A comment on this post reminded me of something I was thinking a few days ago: remember when the commercial radio stations were fighting with the low-power radio stations? I haven’t been involved in this debate for a while (I used to work for a member of Congress, so I recall something of the issue; I’ve been out of politics for about 7 years, so I don’t know whether it’s still a live issue.)
Some in the community at that time were concerned about consolidation by Clear Channel and other big players, and that radio would lack local community voices…so they wanted to have extremely low-power stations that would preserve that local megaphone (or maybe I should say miniphone.)
Now we seem to have come full-circle. Clear Channel is going private and selling off hundreds of its stations. And with the advent of podcasting less than three years ago, now anybody can get as big an audience as they can attract. No FCC license needed.
In fact, that’s my working definition of New Media: anything that doesn’t require an FCC license.
Admittedly, the FCC licenses are for public airwaves, and there is a stewardship responsibility. I don’t know how exactly what the ownership rules are (and Nabisco, whose name links to the NAB site) obviously has a dog in this fight, as he properly disclosed in his comment.

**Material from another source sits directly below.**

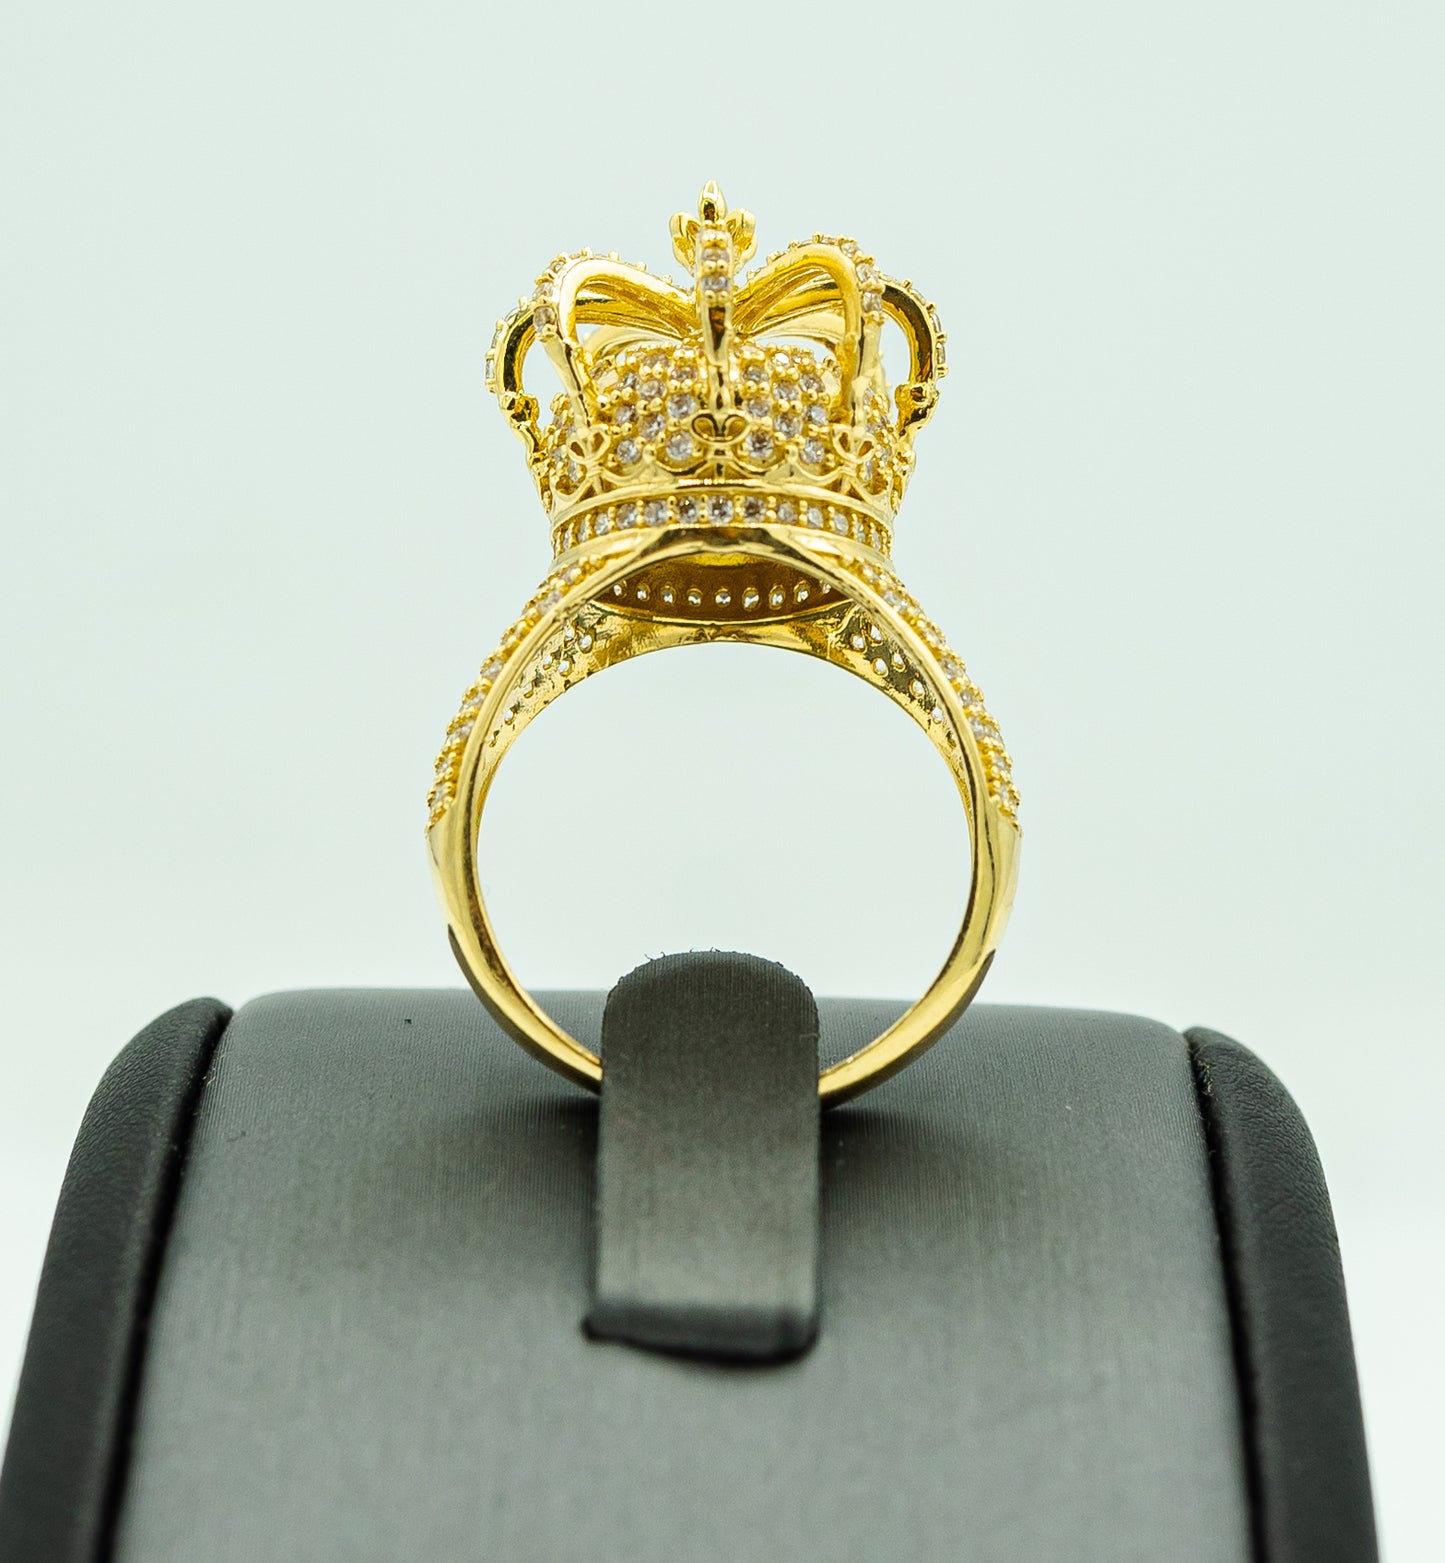 14k crown ring by GDO

Who disagrees with him and why? I can see that the broadcast stations are going to have a significant advantage in building an audience because they are using the public airwaves for transmission. But with bandwidth costs essentially approaching zero, now almost anyone has very similar ability to reach an audience through audio. And we can do video, too…which radio stations can’t, except on their web sites.
And as we see on the net, communities aren’t necessarily geographic. FIR, for instance, reaches a community of people interested in PR and technology.
In a world of infinite choice for audio entertainment and information, does it still make sense to limit ownership of local radio stations?
I don’t know…I’m sure open to hearing arguments on the other side. But it seems the days of media monopolies are over.